The King was also of opinion that in order to prevent king Francis from utilizing the services of the Gascons out of their own county, the Emperor might double the garrisons of his places along the French frontier and Guipuscoa, and make some show of invading France on that side.
In order to prove to me that he was not speaking without foundation, and filling my head with vain words, but was really in earnest, the King added that he had sent to all the provinces of his kingdom to select and enlist soldiers to serve in this war, and had taken such measures that the enlistment seemed to be very successful, and more orderly than in old times. And I gather from his words that he will enrol as foot soldiers only his own subjects, the English, though he will have his cavalry from abroad. (fn. n1) He would very much wish, intending, as he does, to prepare his men for the future war, that Your Majesty should lose no time in preparing and fitting out the war ships, ammunition, and material required for the undertaking. I did not ask him how many pieces of ordnance he had at his disposal, how many sets of armour, or lances for the infantry, nor what amount of provision in store. Not to trouble and over fatigue him with so many questions at the same time, and, considering that as he himself told me that yesterday he had a slight access of fever, and besides that my frequent communication with his privy councillors will afford me plenty of opportunities to interrogate them on that point and others connected with the preconcerted invasion, I refrained from asking any more questions; his councillors assured me that there was every prospect of a good harvest this year, and that corn would be so abundant here in England that it might be exported in large quantities. There might (said the privy councillors) be a deficiency in butcher's meat, owing to a great number of beasts having died in consequence of the hard winter, (fn. n2) but as to other necessaries of war, such as ammunition, ordnance, and so forth, they were amply provided. Neither have I asked him, for the same reason, what number of soldiers he (the King) intended to enlist.

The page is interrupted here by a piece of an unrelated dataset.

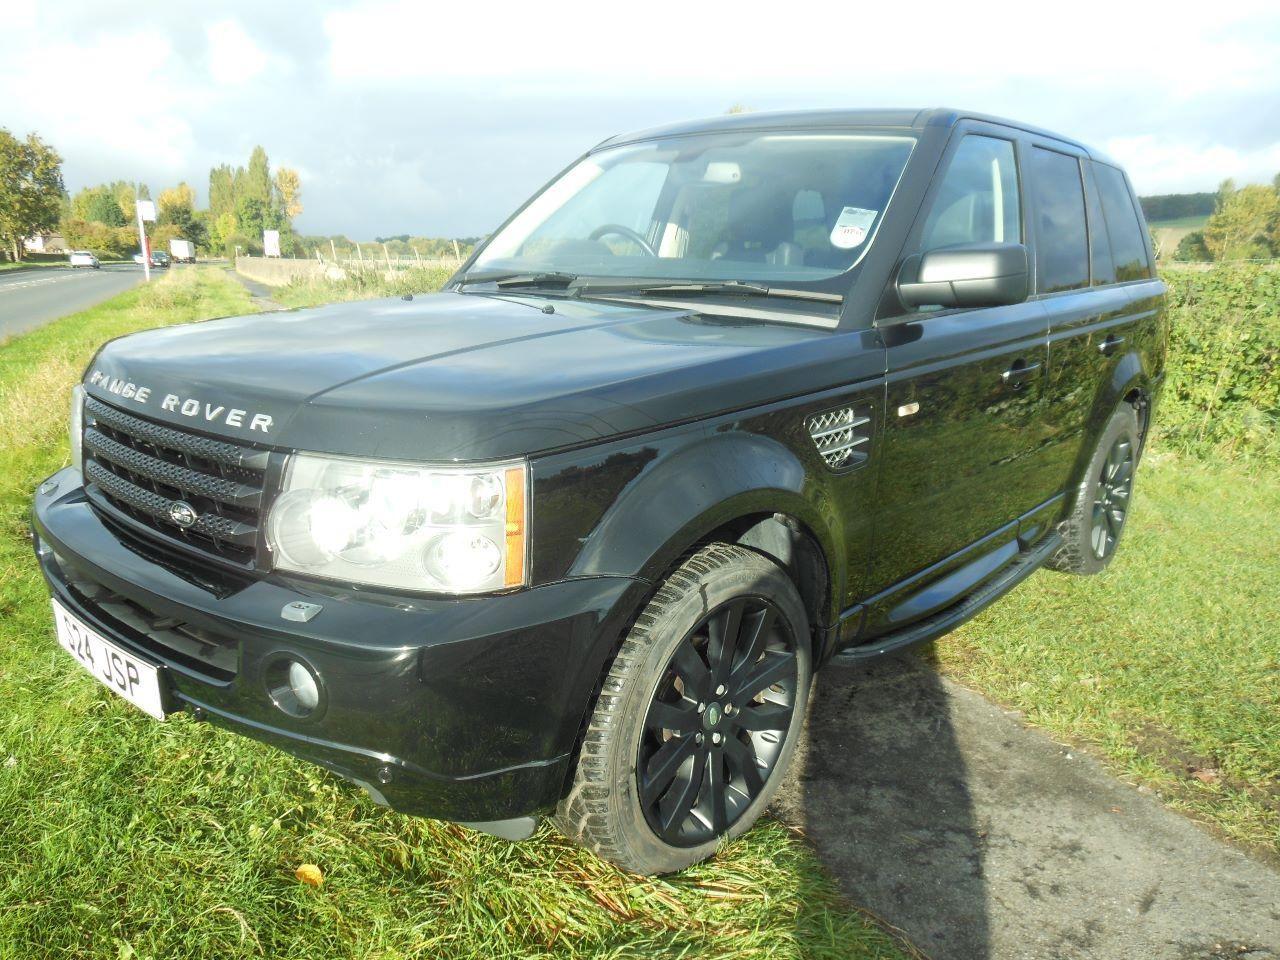 2006 Range Rover Sport 2.7 HSE auto 4x4. Black. FSH. Click

Supposing that whether he commands his army in person, or sends it under a general of his own choosing, it will be sufficiently numerous for all purposes, and may in case of need be increased as may be deemed necessary.
I have shewn to these privy councillors certain articles and advice drawn by the admiral of Flanders respecting the manner in which the commander of the English fleet (navierez de par deça), when in contact with that of the Low Countries (cellez de par della), in the harbours (avrez), or on the high seas is to behave; and they have approved of the whole, adding only that they should wish that besides the ordinary flags carried by the vessels of each nation, there should be a countersign to be changed every month, so that the enemy may not counterfeit the ordinary flags, as they might easily if the secret countersigns were known to them. As soon as they give me their opinion in writing on this particular, I shall not fail to inform Your Majesty.

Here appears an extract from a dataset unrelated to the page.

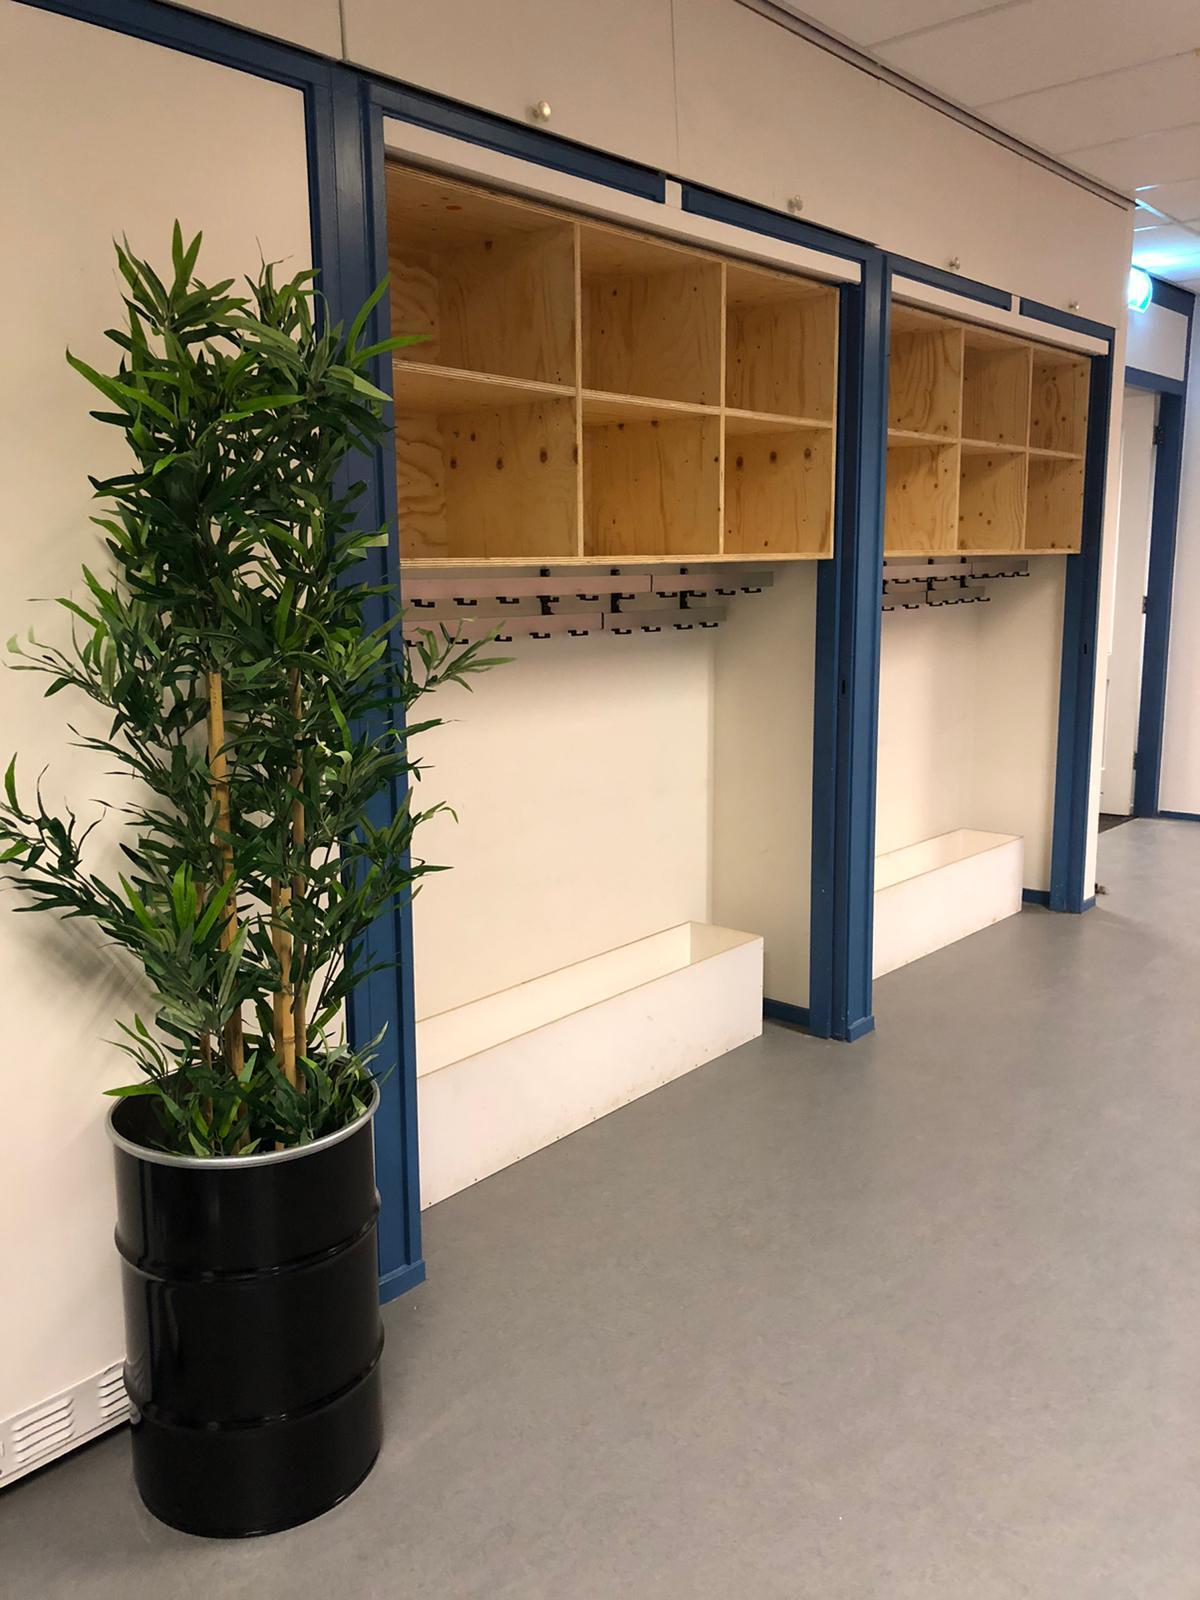 Interieur basisschool De Bron

There are now in those Low Countries a number of English emigrants, a bad lot (meschants garnements), who are continually having heretical books printed there, and who afterwards send them by secret means to this country, to have them circulated to the great scandal of worthy people. That is why this king has requested me to beg Your Majesty that some provision be made and remedy applied to this evil, according to the mutual engagements taken on two former occasions.
I must not omit to say that this king has taken in very good part the particular notice received from Your Majesty of the political and other events in those Low Countries, which he has attentively perused and read, praising all the time Your Majesty's prudence and great attainments in the science of government.
The French ambassador received yesterday letters from the King, his master. He counted upon having an audience from the King this very day, but I went to Court first, and prevented his seeing the King. His predecessor in the embassy (fn. n3) has left for France whilst I have been writing this letter, and although the English one, who was formerly at the court of king Francis, is already set free (lasché) at Boulogne, yet the Frenchman now going down the river will be compelled to stay a little while at Calais until the English one lands here, at least such is my information from one of this king's privy councillors.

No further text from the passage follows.